The Shell Petroleum Development Company of Nigeria Limited (SPDC) has clarified its position on the over $1.3 billion sale of onshore oil stressed to Renaissance Consortium.
In a counter affidavit (suit number FHC/ABJ/CS/413/2024, dated May 24, 2024) seen by Nairametrics, SPDC said it “did not sell its onshore assets and facilities in Nigeria to anyone.”
This clarification follows six months after Shell Plc, SPDC’s parent company, announced it had reached an agreement to sell its Nigerian onshore oil assets to a local consortium for over $1.3 billion, pending government approval.
In 2021, Shell announced plans to divest its Nigerian onshore assets due to operational challenges, including theft and oil spills, which conflicted with its long-term energy transition strategy. After pausing the process in 2022, Shell resumed talks in mid-2023 to sell its 30% interest in SPDC.
The Nigerian government, under President Bola Tinubu’s administration, has been advised to finalise divestments to boost petroleum output. In May, the NUPRC established a framework to oversee such divestments.
However, civil society groups, led by Amnesty International, have urged the Nigerian government to block Shell’s proposed sale of its onshore oil business.
Renaissance Consortium, comprised of Petrolin Group, announced the signing of the transaction, expressing their commitment to supporting African business opportunities in the petroleum sector.
The counter affidavit comes amid a legal battle with Global Gas and Refining Limited, which has filed a suit against SPDC and the Nigerian Upstream Petroleum Regulatory Commission (NUPRC), seeking to halt the divestment.

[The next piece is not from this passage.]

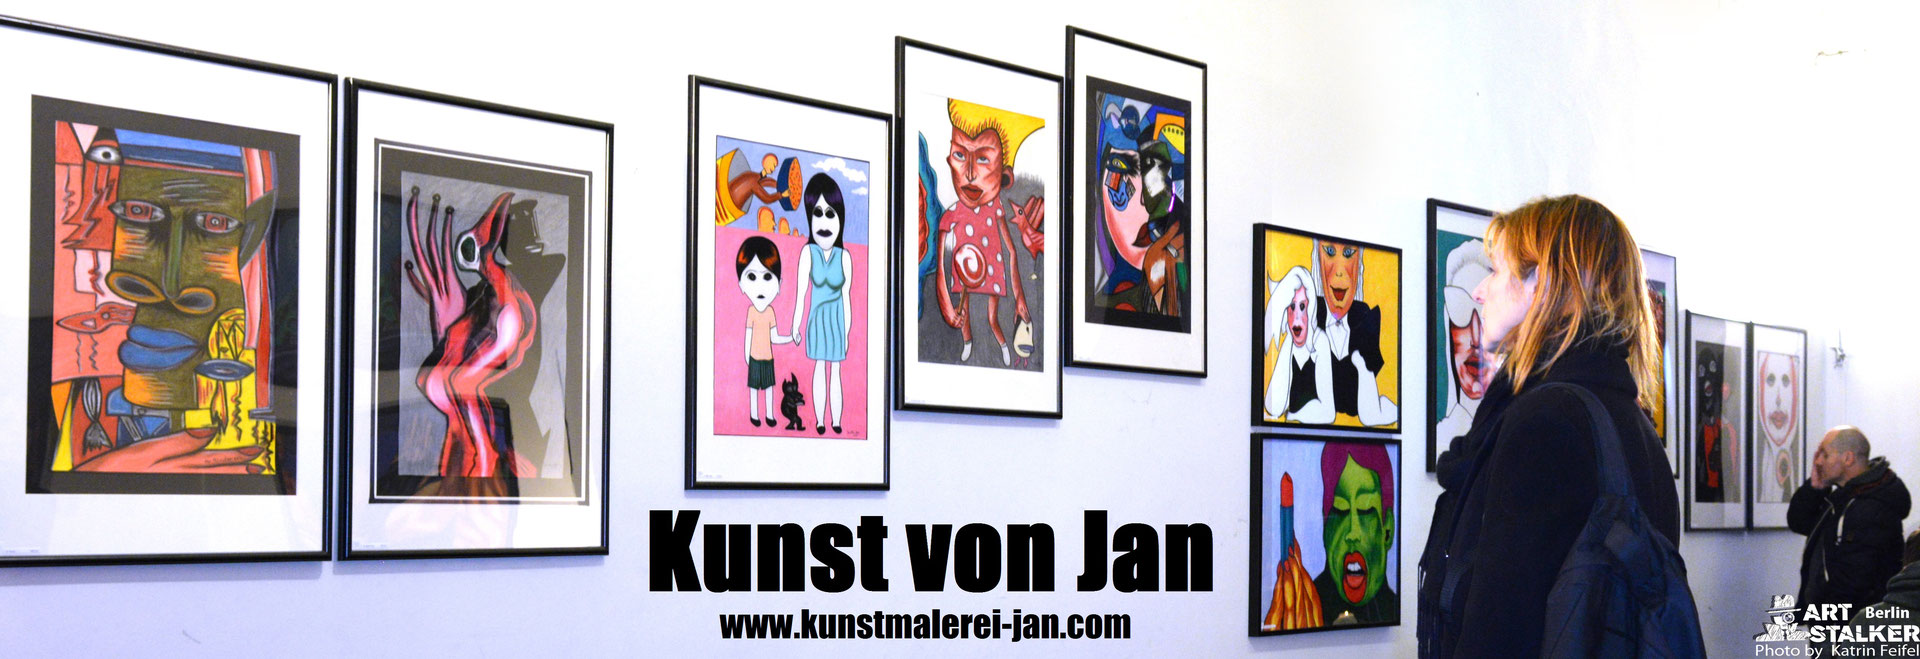 (c) Kunstmalerei-jan.com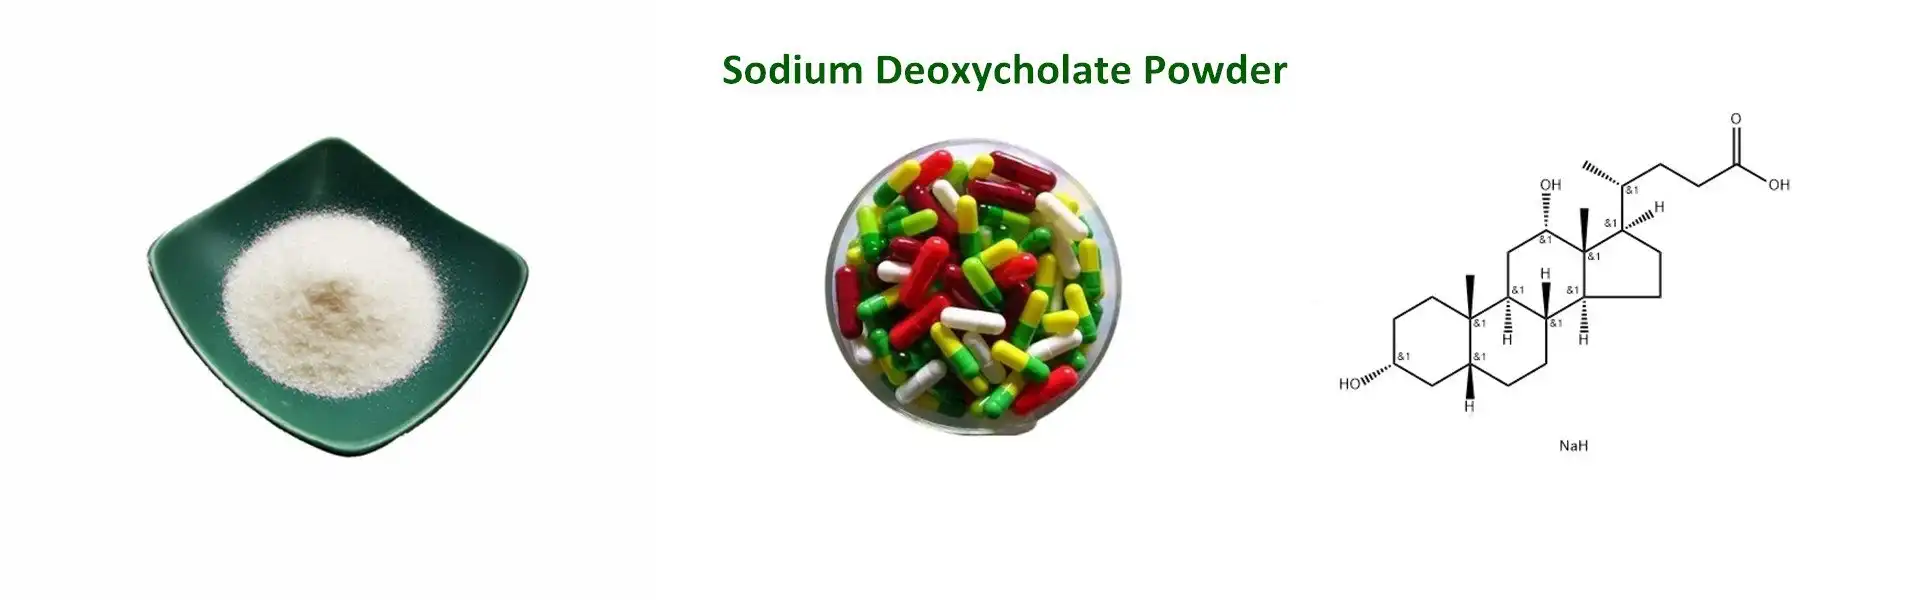 Sodium Deoxycholate Powder

Global Gas and Refining Limited approached the Federal High Court, Abuja, seeking an order to restrain NUPRC from approving or authorising the sale of SPDC’s assets. The company’s Executive Chairman, Mr. Kenneth Yelowe, stated that Global Gas had initiated arbitration proceedings against Shell for failing to supply wet gas as per a 2002 Gas Processing Agreement.
Yelowe argued that unless the court intervenes, the 2002 agreement could be jeopardised. He emphasised that the dispute is before the Supreme Court, and a sale of SPDC’s assets could leave Global Gas without a remedy.
In response, SPDC’s Legal Counsel, Mr. Kingsley Osuh, clarified that the transaction with Renaissance was a share sale, not an asset sale. He stated that SPDC’s shareholder sold its shares to Renaissance, not the onshore assets themselves.
Osuh emphasised that SPDC remains intact as a corporate entity, with all assets and operations continuing as usual. He noted that the share sale does not affect SPDC’s 30% interest in eighteen Oil Mining Leases (OMLs) within its joint venture operations.